Bristol-based exiled Zimbabwean film maker Simon Bright’s powerful documentary on Robert Mugabe – Robert Mugabe. .. What Happened? – is being screened this week at the Watershed following its sell-out premiere at Bristol’s recent Afrika Eye film festival.
The documentary, filmed undercover in Zimbabwe, challenges conventional wisdom about Mugabe and South Africa. The mad dictator we see on TV today was the principled fighter against apartheid and Rhodesian domination, the darling of the West received by queens, prime ministers and presidents.
Robert Mugabe… What Happened? explores what happened through interviews with some of Mugabe’s closest comrades and a unique collection of Southern African archive that powerfully evokes his reign. The film charts Mugabe’s Shakespearean rise and fall, his building of a successful African country and then his destroying of it.
The film has gone on to international success including sell-out screenings in Capetown, Durban and Johannesburg, at its European premiere at IDFA and at its London premiere at the LSE. It is also to be screened for the European Parliament and is now eligible for a BAFTA.

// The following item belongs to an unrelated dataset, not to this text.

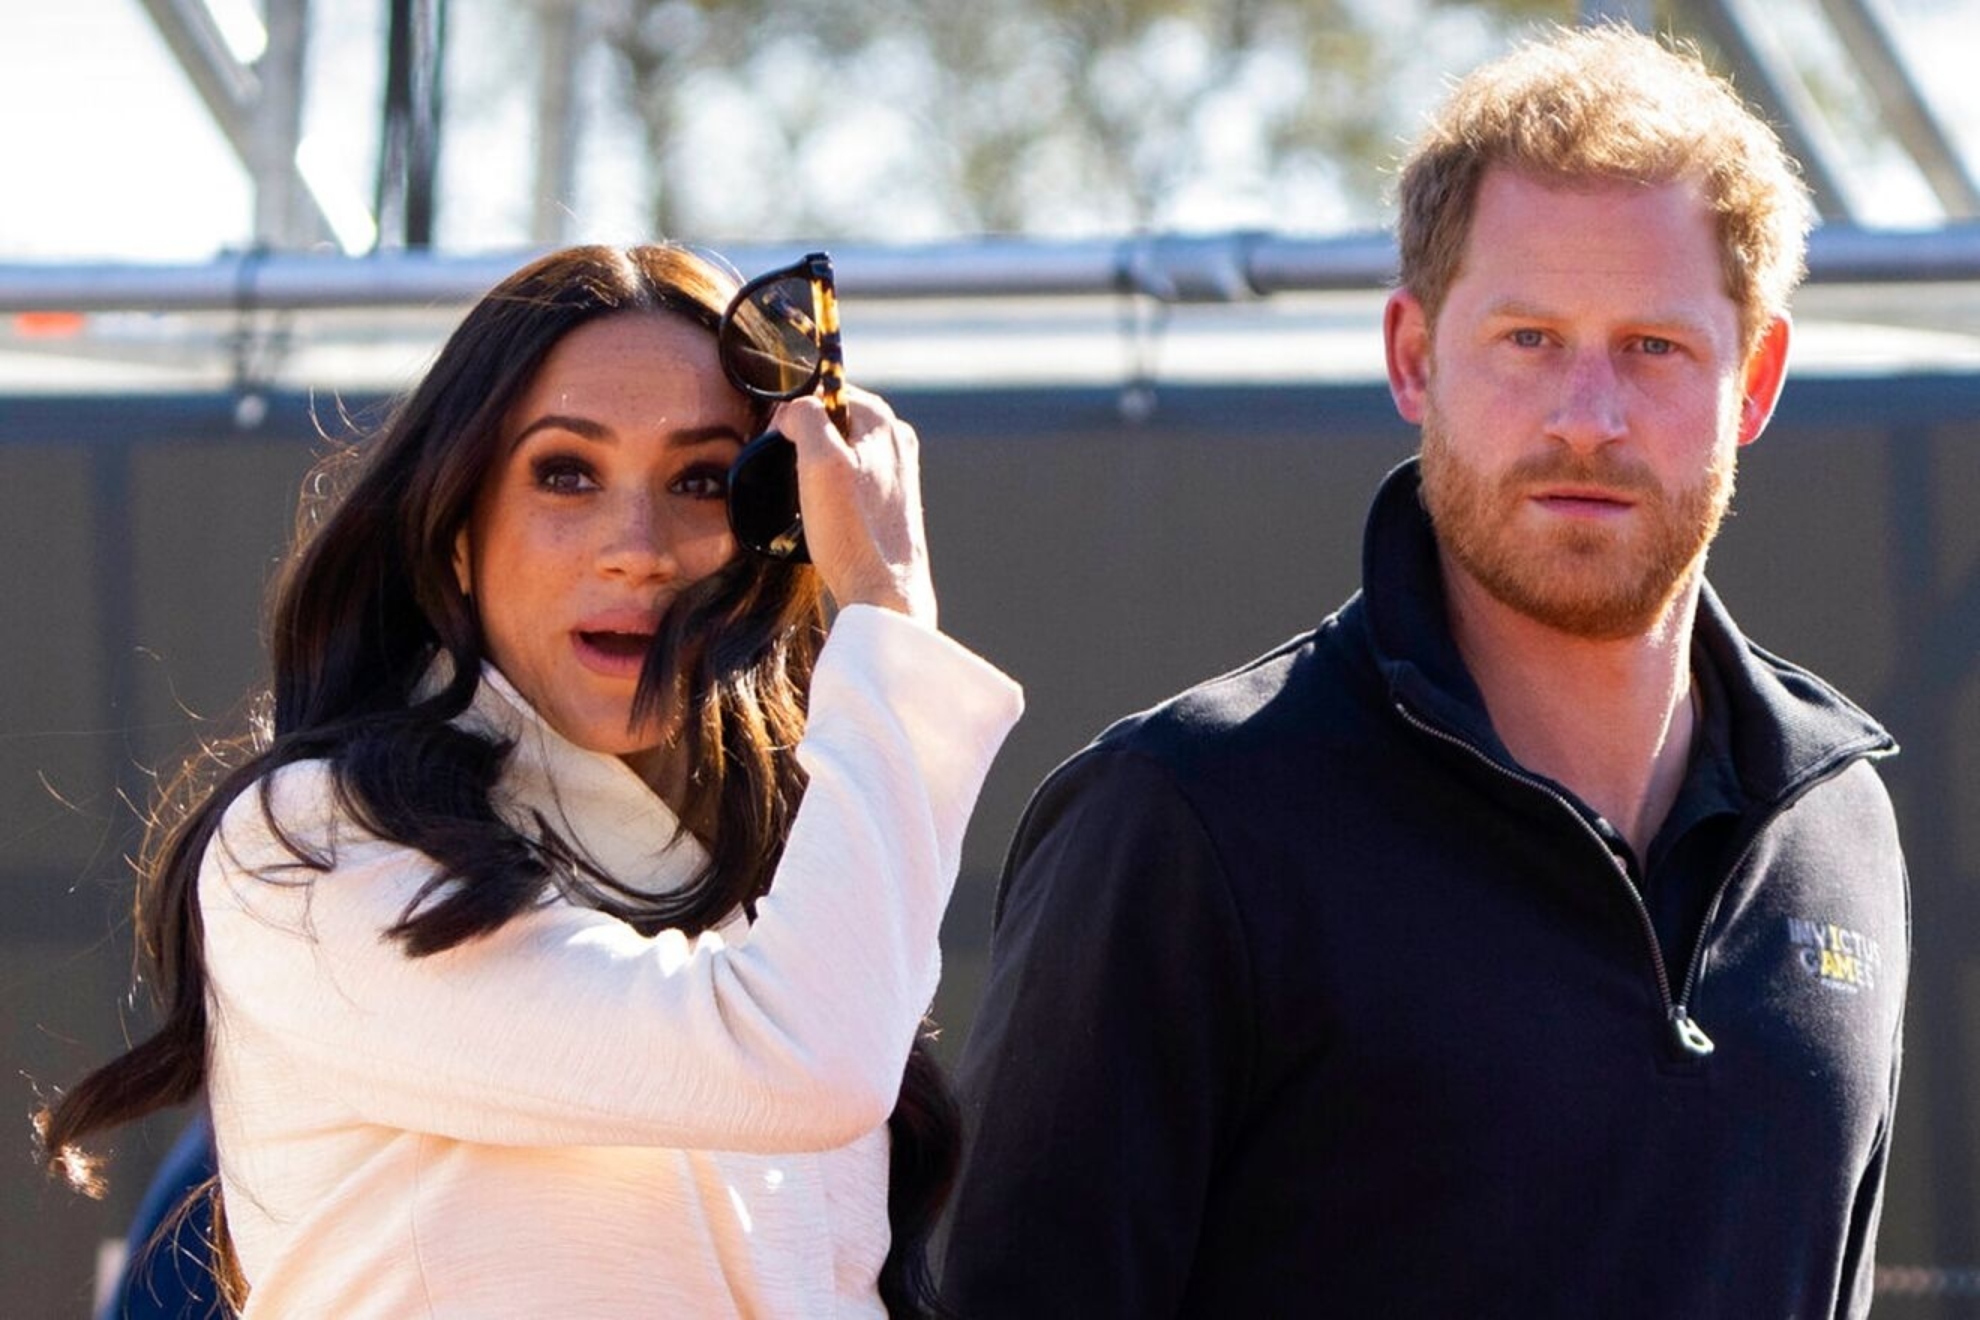 Prince Harry and Meghan Markle return to NYC for first time since car chase

Simon Bright said: “The turbulent history of Zimbabwe is a fascinating political thriller but a tragic one.
“I wanted to capture the drama of Mugabe from his origins as a poor peasant to his brilliant successes, his role in changing Southern Africa. Then I wanted to go beyond his turning point to where Zimbabwe is today. While Mugabe promulgates the story that this is a black and white conflict, I show how whites did fight for black rule and how Mugabe’s attack on whites is a tactic to trash the black opposition.”
Simon witnessed this tragedy firsthand. A supporter of Mugabe in the 1980s, he helped rebuild the new Zimbabwe working in the Ministry of Agriculture. Later imprisoned by the Mugabe regime in 2004, he has since been living in exile in Bristol, but returned undercover in 2009 and 2010 to film Robert Mugabe….What Happened?
Morgan Mutasa, Bristol’s chairman of the Movement for Democratic Change, the rival party to ZANU PF, said: “The film is very well researched and the events shown are all accurate and true.”